Completely regardless of that I think we must introduce some jitter. If a batch fails, kick out any pr of it. Ppl can still retest if they think it was not because of the pr and the retesting can also be triggered automatically via commenter.
The original intent here is that:
IMO any other behavior than this is a bug -- such as there being multiple approved PRs and no batch and/or not scheduling a serial run.
It seems openshift disabled batching to work around https://github.com/openshift/release/pull/9786 (x-ref-ed this issue above)
@BenTheElder very briefly, it was subsequently re-activated in https://github.com/openshift/release/pull/9831
Apparently present again in https://github.com/kubernetes/node-problem-detector/issues/495, use of PULL_NUMBER breaks batch runs, nothing has merged but there are 7 PRs stuck in endless batch testing.
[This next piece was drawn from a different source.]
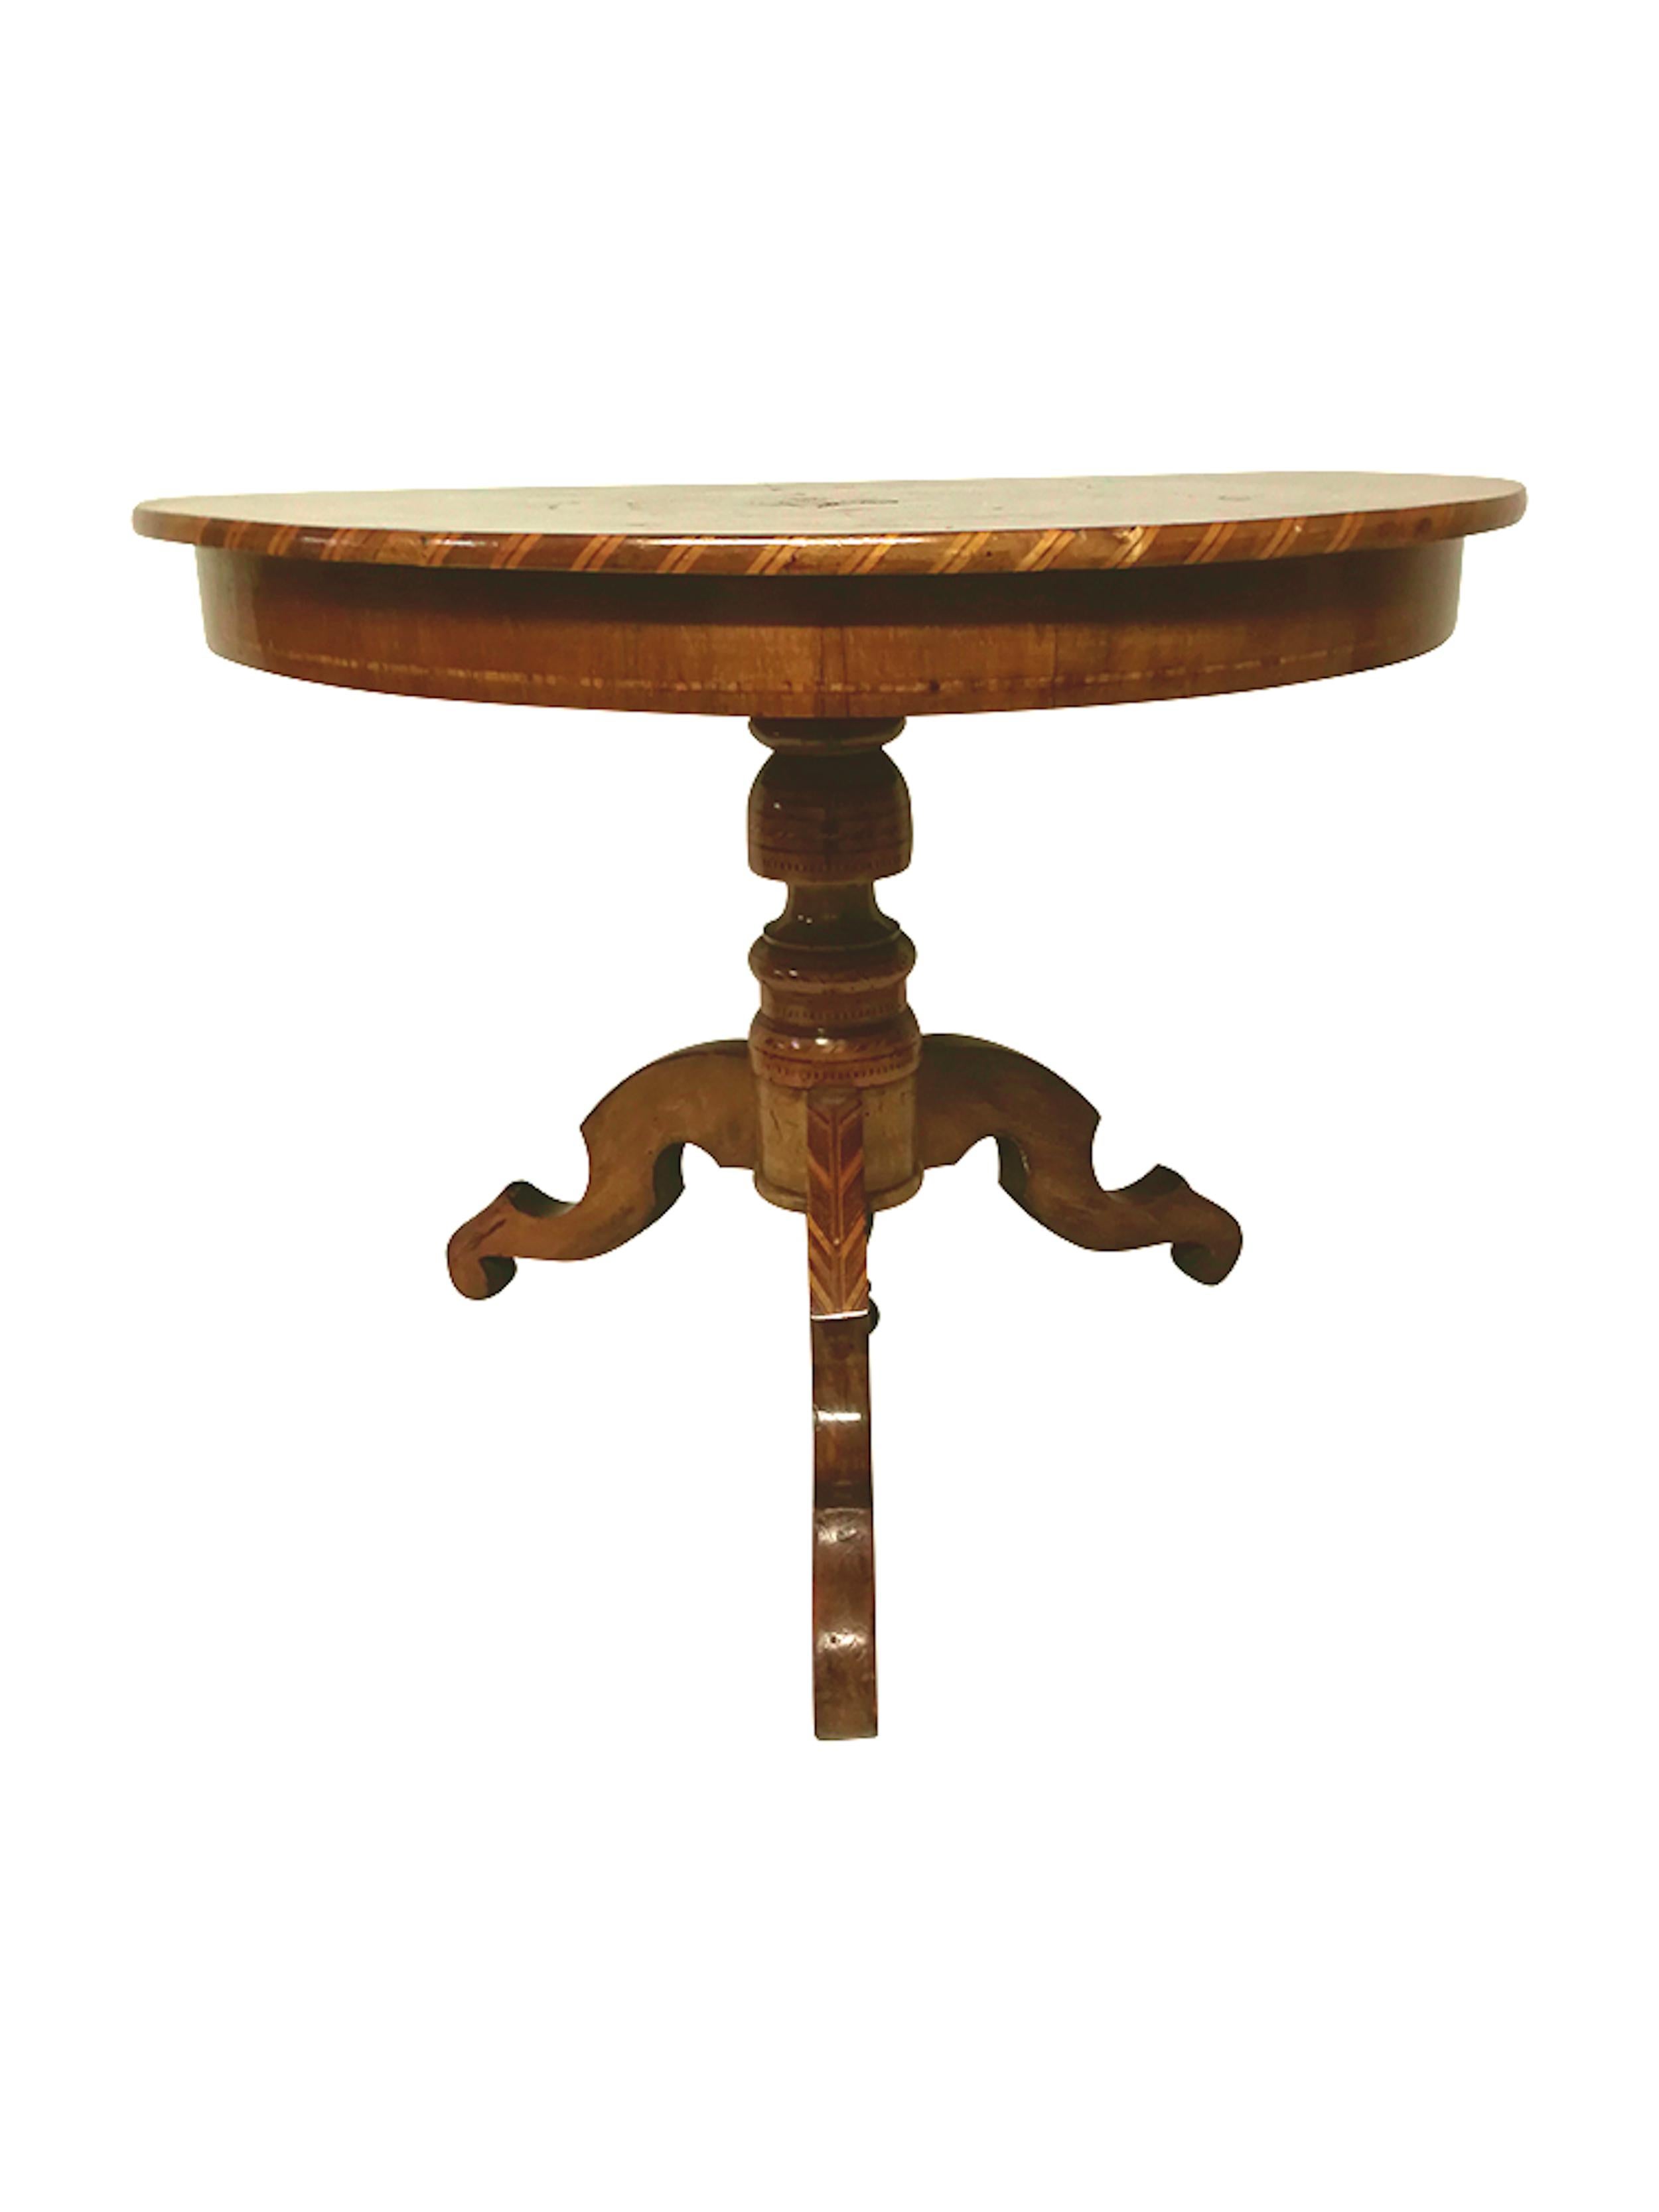 Guéridon Table in Dutch Marquetery 19th Century In Good Condition For Sale In Beuzevillette, FR

Apparently present again in kubernetes/node-problem-detector#495, use of PULL_NUMBER breaks batch runs, nothing has merged but there are 7 PRs stuck in endless batch testing.
The problem there is that the batch tests fail very quickly. We always start either a batch (if available and none running yet) or a serial retest. Since the batch always fails until Tides next sync we never get to the point of starting a serial retest there. You can see that nicely on https://prow.k8s.io/tide-history?repo=kubernetes%2Fnode-problem-detector where a batch test is started every two minutes which matches prow.k8s.io ttide sync period
This doesn't seem like a super unlikely failure mode though, we've seen stuff like this before. I think tide should run a serial test in the background to prevent infinitely spamming broken batches with no progress.
Even if it wasn't done concurrently ordinarily, since we do record history, we could detect repeated batches and opt to start a serial job instead.